Iraqi National Security Adviser Mowaffak al-Rubaie says he, like President Bush, opposes any arbitrary deadline for withdrawing coalition forces from his nation. But, speaking on CNN's "Late Edition" program, he said he anticipates a significant reduction in U.S. troop levels during 2006.
"We want to create the right conditions for the Iraqi security forces to assume responsibility for security in these cities and towns. And. I can tell you, probably in the region of 30,000 American troops will pull out from Iraq by the first part of next year, and another 30 [thousand] by the end of next year," Mr. al-Rubaie said.
Mr. al-Rubaie said that such a drawdown would leave fewer than 100-thousand U.S. servicemen in Iraq by 2007.
The Iraqi national security adviser downplayed the significance of a statement by Iraqi political, religious and ethnic leaders who met in Cairo last week. The gathering yielded a call for a timetable for a U.S. troop withdrawal from Iraq. Mr. al-Rubaie said his government is in no way ungrateful for U.S. sacrifices made to promote democracy.
"We will not slap our strategic partner. We are partners with the United States.

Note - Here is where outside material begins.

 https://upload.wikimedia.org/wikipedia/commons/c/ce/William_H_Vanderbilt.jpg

We are partners with Britain, and we will never turn our back on our friends, who have looked after us and helped us," Mr. al-Rubaie said.
Whether and when to reduce U.S. troop levels in Iraq continues to be a matter of intense debate in Washington, with some Democrats calling for a complete U.S. withdrawal next year.

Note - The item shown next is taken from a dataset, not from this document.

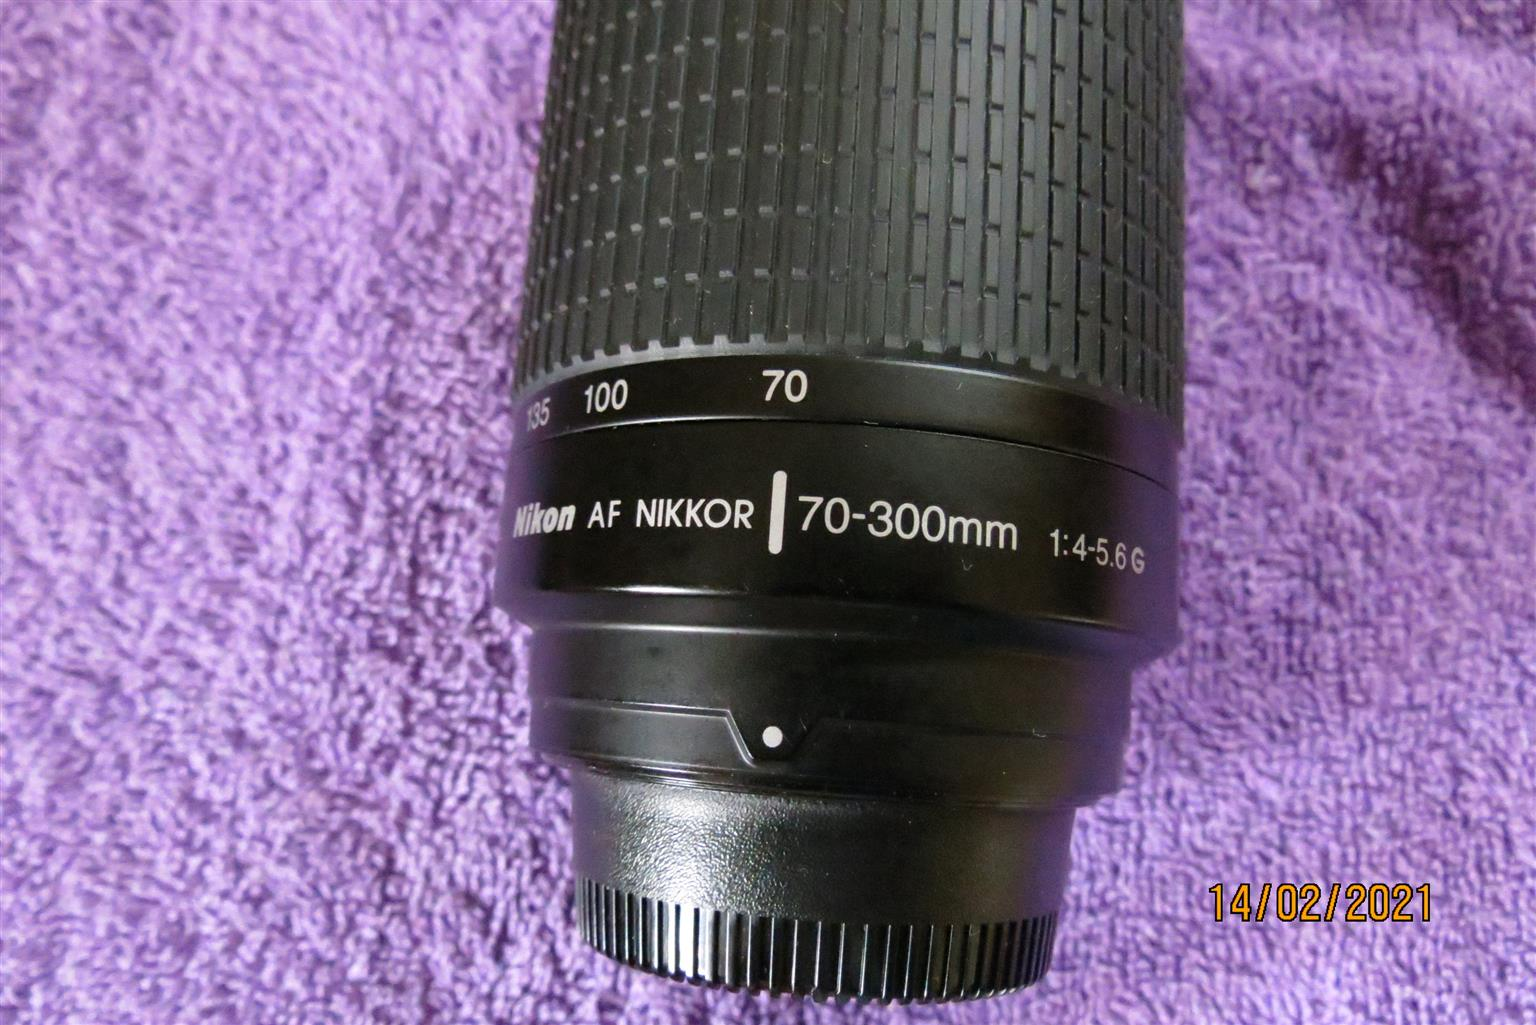 Nikon 70-300 zoom lens

Speaking on NBC's "Meet the Press" program, the ranking Democrat on the Senate Foreign Relations Committee, Joseph Biden of Delaware, said success or failure for the United States in Iraq will be determined in the months to come.
"The question is not whether we are going to draw down troops in the year 2006. It is, when we draw down, what are we going to leave behind?," Mr. Biden asked. "Are we going to have traded a dictator for chaos, or are we going to have traded a dictator for a stable Iraq? That is the real question. And that depends on the president's [Bush's] actions from here out."
Mr. Biden said the U.S. military, as it is currently organized, cannot sustain today's troop levels in Iraq throughout the coming year, without imposing dire hardships on U.S. servicemen and their families.
That assertion was contested by the Republican chairman of the Senate Armed Services Committee, John Warner of Virginia, who said current troop levels could be maintained by redeploying some servicemen in new capacities.
But Mr. Warner called on President Bush to speak directly and openly with the American people about the tasks at hand in Iraq and what needs to be done to defeat the insurgency and safeguard Iraq's fledgling democracy. He drew a comparison to President Franklin Roosevelt's so-called "fireside chats" with the American people, prior to and during the Second World War.
"I think it would be to Bush's advantage. It would bring him closer to the people [and] dispel some of the concern that, understandably, our people have about the loss of life and limb, the enormous cost of this war to the American public. We have got to stay firm for the next six months [in supporting democracy in Iraq]. It is a critical period," Mr. Warner said.
President Bush has said newly-trained Iraqi security forces will take over for U.S. servicemen, paving the way for American troops to come home. But the president has repeatedly cautioned that a premature U.S. withdrawal would embolden Iraq's insurgents and imperil everything the United States has fought to achieve in the post-Saddam era.